Like, I know all the basic Googleable shit about how résumés are constructed and the appropriate language to use and all that shit. But I also know that each résumé should be tailored to the specific job you are applying for, instead of just being a generic copy that you use to apply everywhere. I have no idea how to tailor my résumé when I have no idea where I want to apply, what kinds of industries interest me, or what kind of job I want. In fact, I don't really want to work at all tbh, but I guess I need to in order to earn money that I can then exchange for goods and services. The very concept of working, to me, sounds like doing bullshit that you don't intrinsically care about only as a means to an end to survive, and in our society, it causes most of your energy to be put into both your job and maintenance of yourself so that you can continue to work your job. You go home too tired to work on your hobbies or do things like write that novel or record that album or whatever it is you actually find fulfilling, so you just post on Netphoria until it's time to go to bed so that you can wake up tomorrow morning to go back to your job. Yes, I know that if you "dO wHAt yOu lOVe, yOu'LL nEVer WorK a dAY IN yoUr LIfE," but unfortunately, the vast majority of people who try to be artists or rockstars or astronauts or Spider-Man or whatever don't really succeed in either making it or being able to provide for themselves, so that's not an option for most of us.

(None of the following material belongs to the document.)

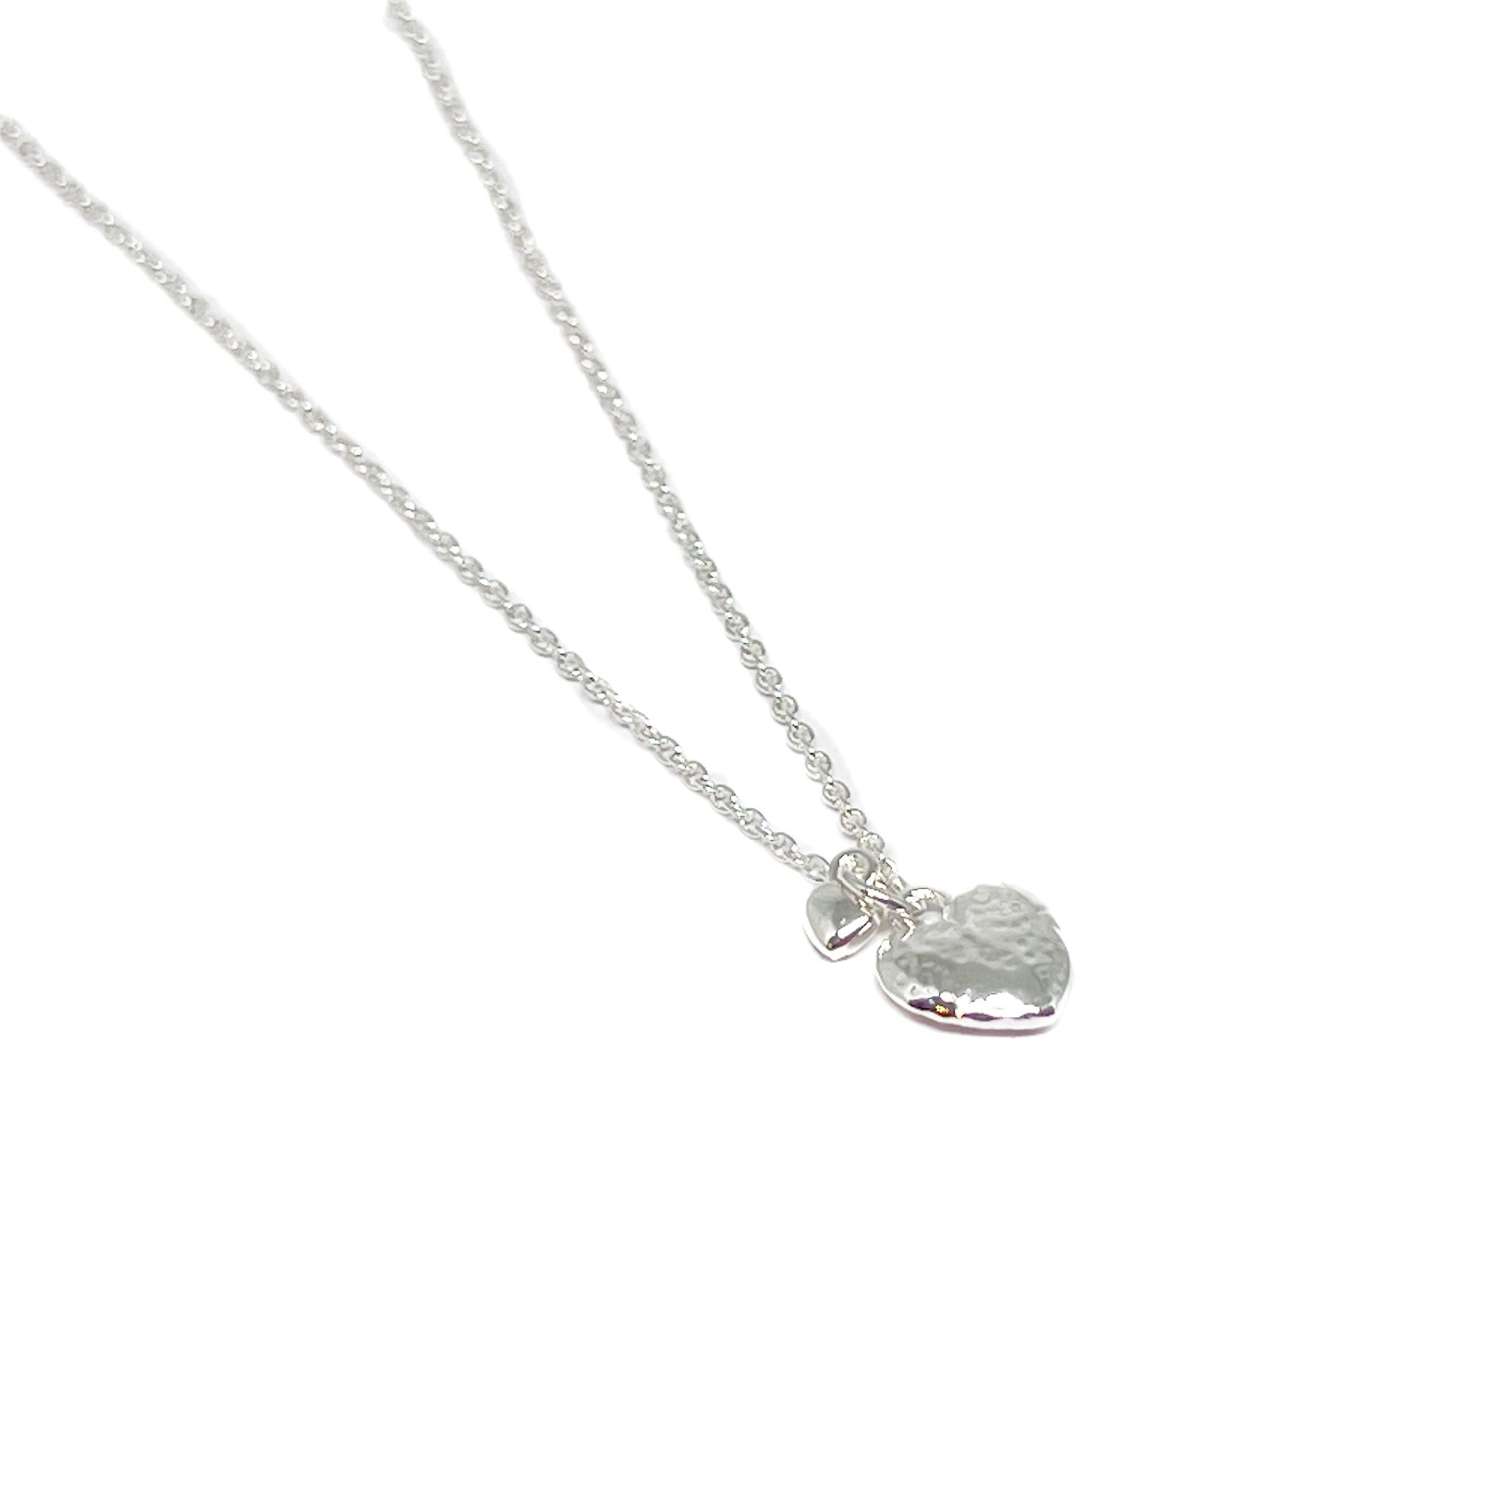 Nola Hammerede Heart Necklace - Silver

There's also the fact that I have no idea how to market my skills on a résumé, since I took a humanities/liberal arts degree that was essentially just writing papers. Hell, other social science majors at my school have way more of a focus on statistics and research methods than mine did, so it's not like I even know how to do basic data analysis with Excel or something. Literally all I've done is read shit and then write about it. At least in other degrees, you might develop proficiency at an actual hard skill, be it mathematical ability, knowledge of how to use specific software like MatLab, knowledge of how to carry out certain scientific procedures like titrations or whatever through labs, even just using stats software. Yes, I know, I could write that I'm good at "critical thinking" and "problem-solving," but I'm sure literally every applicant who's taken literally any major believes themselves to be proficient at those things and has them on their résumé. Literally everyone in the world thinks they are "good at thinking." I don't even feel like I learnt to be a better "critical thinker" through my degree. I think it was more of a selection thing, where people who were already somewhat passable at being able to analyze shit and write intelligibly were successful enough at political science to continue, while those who found themselves out of their element decided to take a different major. I did okay because the degree was shit I could already do. I didn't develop any new competencies, I don't think.

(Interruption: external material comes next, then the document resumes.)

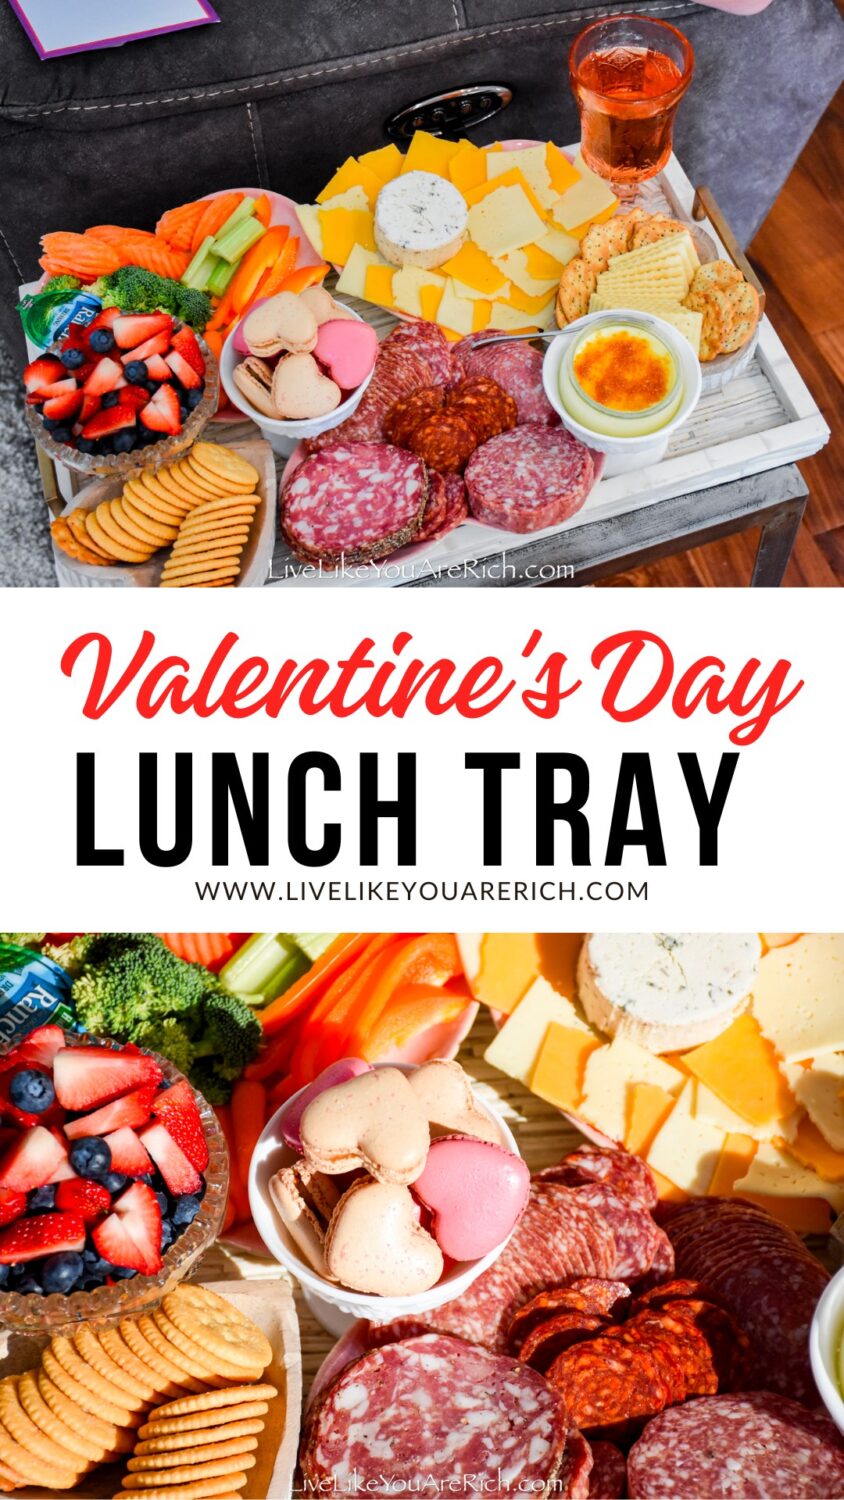 Valentine's Day Lunch Tray

Fuck, what is there to even look forward to in life? It's just bullshit like staring at a computer screen, trying to make a résumé to get a new job that you'll eventually hate as much as the one you have. And here I am complaining like a privileged suburban soyboy about "nOt hAVinG a jOb thAt MaKeS mE HapPy" when there are people literally starving or getting killed by cops in the streets. FUCK THE ENTIRE UNIVERSE.